Taking the Advice we give

Isn’t it funny, that when our besties are going through their – what seems to be ongoing and endless – dramas, we always have just that right piece of advice for them, knowing full well if they just (for the love of god) listen to us that they will rid themselves from any negative feelings, thoughts and emotional stress? It’s as if us women are all therapists, dishing out great advice which we were able to utter based on our past mistakes, yet despite this, we can never seem to take our own advice.

When it has to do with someone else we are brilliant. We have all the right answers and see things clearly. Sure sometimes our advice is a bit biased, afterall us women are protectors. We want our friends to be happy and have love for them, so we look into our heart and our strength to advise them, whether they want to hear what we say or not.

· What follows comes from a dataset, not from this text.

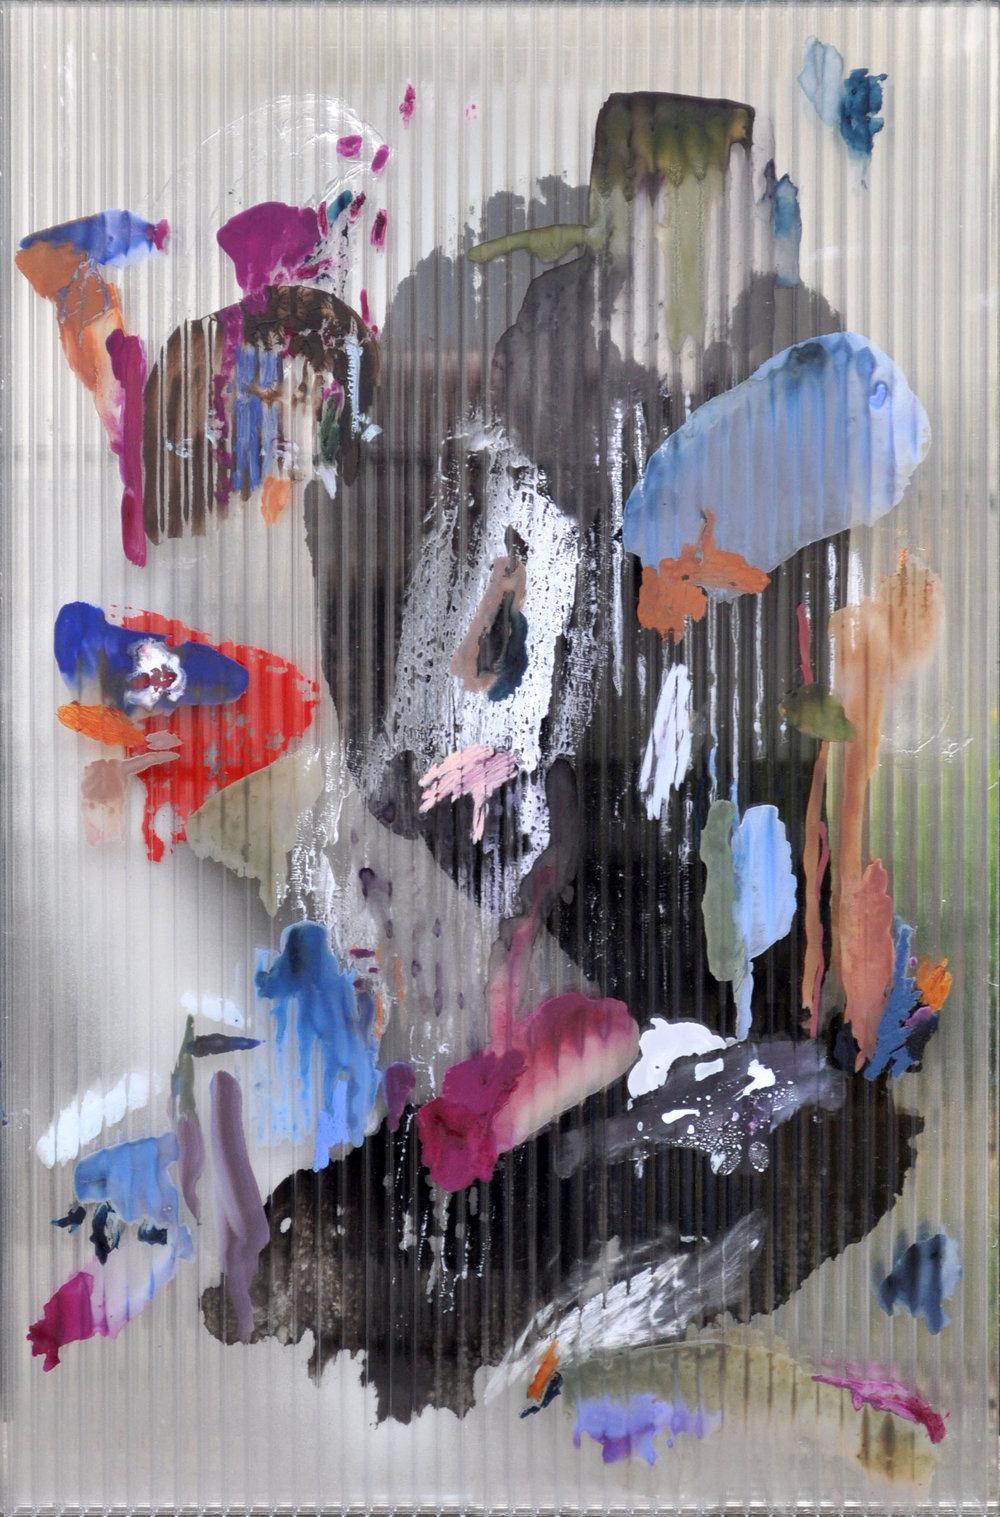 Chaos 1 , 2017 gouache, ink, acrylic, oil, mastic on polycarbonate, mirror, aluminium frame 67 x 44,5 x 2,5 cm

Isn’t it ironic that we can give such valuable advice knowing if followed, it will prevent our friends from feeling worse, yet we can never take our own? Why is this? Is it because when we are emotionally connected to something, we are looking at it with rosy-shaded glasses and they are tainting our vision?


When I am in a situation that involves my emotions, my heart definitely wins the competition of heart vs. head. Since I’ve lost some people close to me who passed away early on in life, I’ve learned that all we have is this moment right now. This experience has made me an emotional being to the extent that I listen to my gut and my heart, and deal with the aftermath of that after.

The on-going, life long question that all my friends – both male and female – seem to struggle with (which is why they are seeking advise in the first place) is whether to follow their head or their heart. An ex of mine always wanted to follow his ever-beating, overpowering heart which seemed to rule all, yet he would give himself such a hard time because his friends would advice him to follow his head and logic, which conflicted with his wants and needs.

Going to friends for advice can sometimes be a double edged sword, because deep down, we already know what we are going to do. It ends up leading to frustration on their part when they see things so clearly, yet we make up excuses and defend our actions, which is contrary to the advice they gave (and the time they took to give it).

At the end of the day, we will all do what we want. My suggestion is to always follow your heart and not live with regret. Your heart may lead to more hurt but at least you stayed genuine to yourself.